Les indicateurs quantitatifs, s’appuyant sur des données statistiques, sont

traditionnellement les plus reconnus et les plus utilisés car ils permettent une mesure chiffrée

des phénomènes.

Le foisonnement d’indicateurs dans les observatoires urbains est une erreur souvent

soulignée et révèle peut être le manque de précision dans les objectifs et les problématiques

de départ. Cette multitude de données va de même participer à une dispersion de la

réflexion et à rendre l’outil d’observation moins efficace et moins opérationnel. Une multitude

d’indicateurs engendre également des coûts financiers plus importants.

Il est donc indispensable de définir un nombre limité d’indicateurs quantitatifs pertinents.

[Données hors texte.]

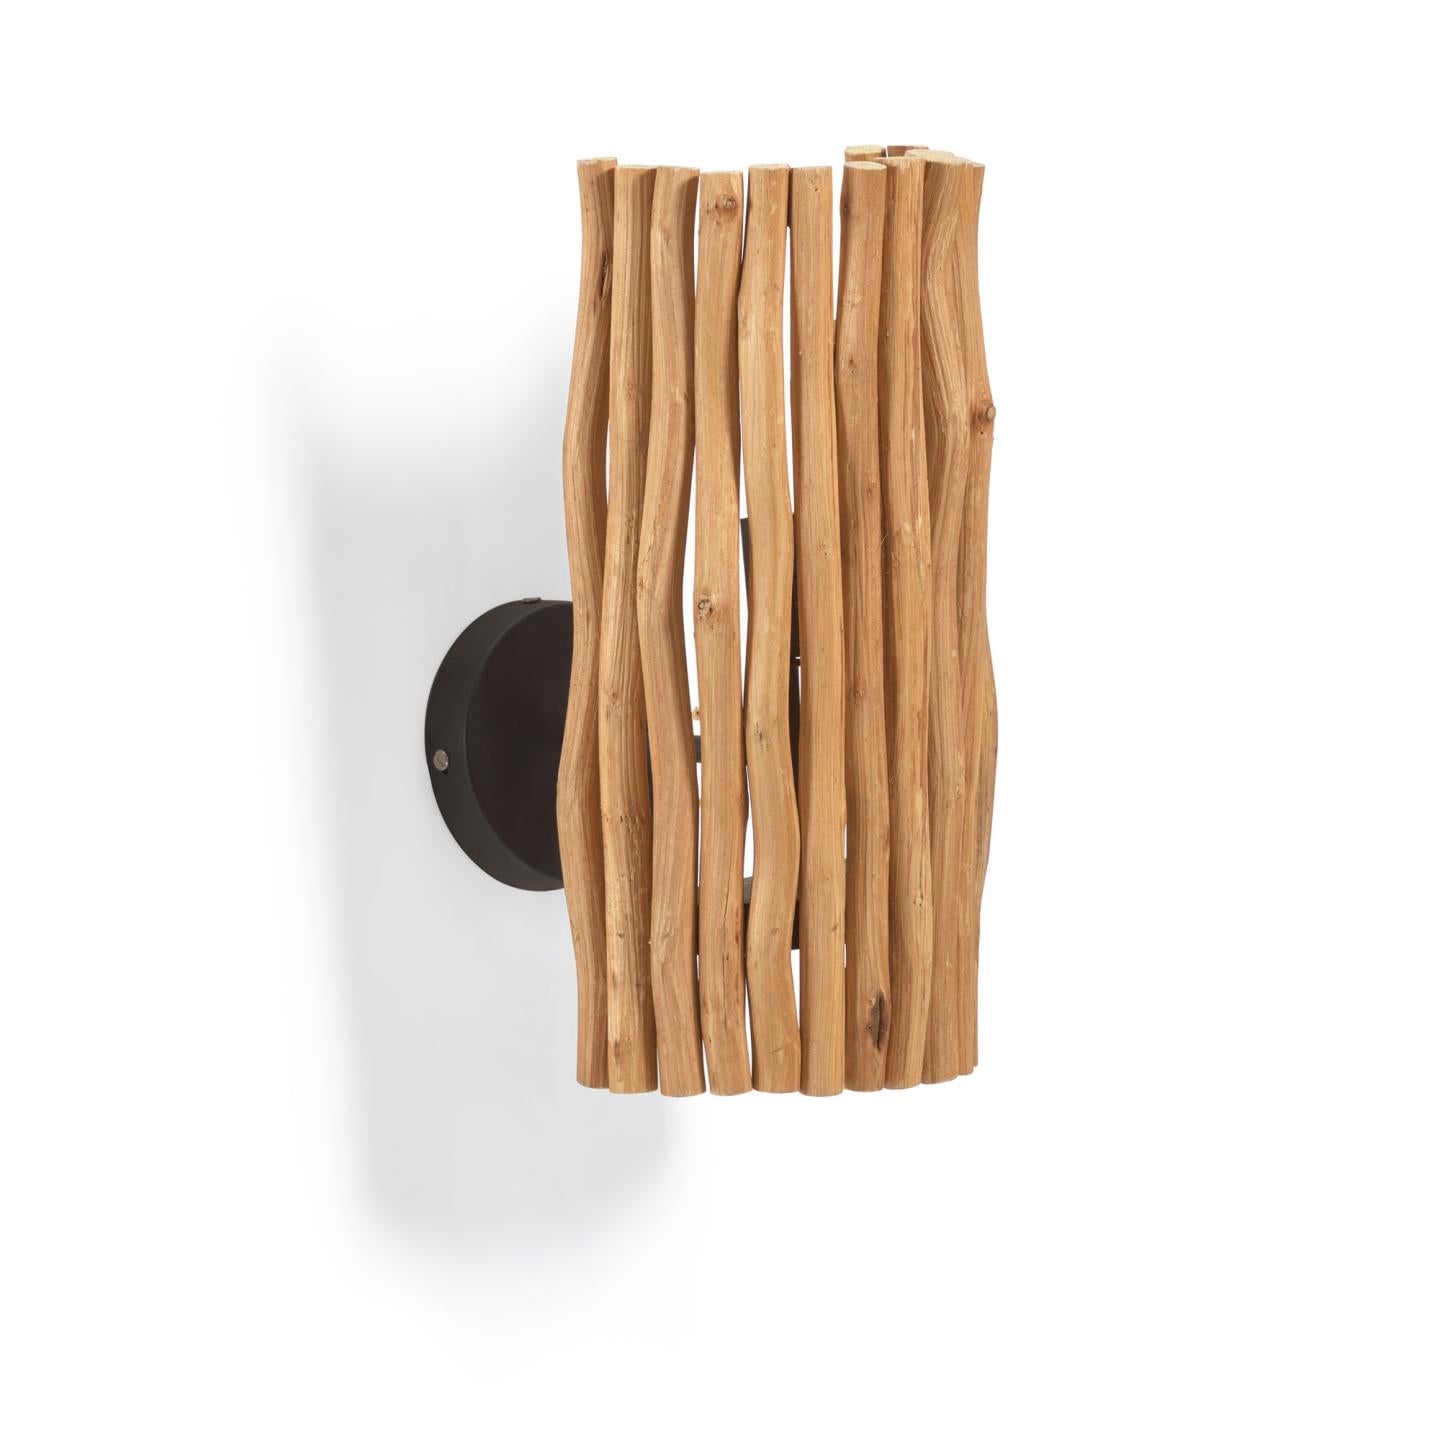 Crescencia wall lamp in a natural, aged wood design

Le croisement des données pourra être une des solutions afin de ne pas multiplier ces

indicateurs.

Cependant, la sectorialité ayant jusque-là dominé dans l’action publique autant que dans la

réflexion en amont, les sources d’où proviennent les données n’ont jamais été mises en

relation, alors que leur croisement peut aboutir à la création d’un indicateur pertinent. Ce

cloisonnement entre sources de données découle du fait que ces données sont toujours

produites à une seule fin, selon la logique particulière du producteur sans qu’il n’y ait de

perspective d’échange. Les fichiers de la Caisse d’Allocations Familiales, fichiers de gestion,

sont par exemple utilisés pour assurer les prestations sociales et non à une fin d’analyse

statistique.

Il faut alors que l’institution partenaire tire un avantage de fournir ses données. Un traitement

statistique des fichiers CAF peut par exemple permettre à cette institution une meilleure

compréhension de son public.

31 CERTU, op.cit., p. 57.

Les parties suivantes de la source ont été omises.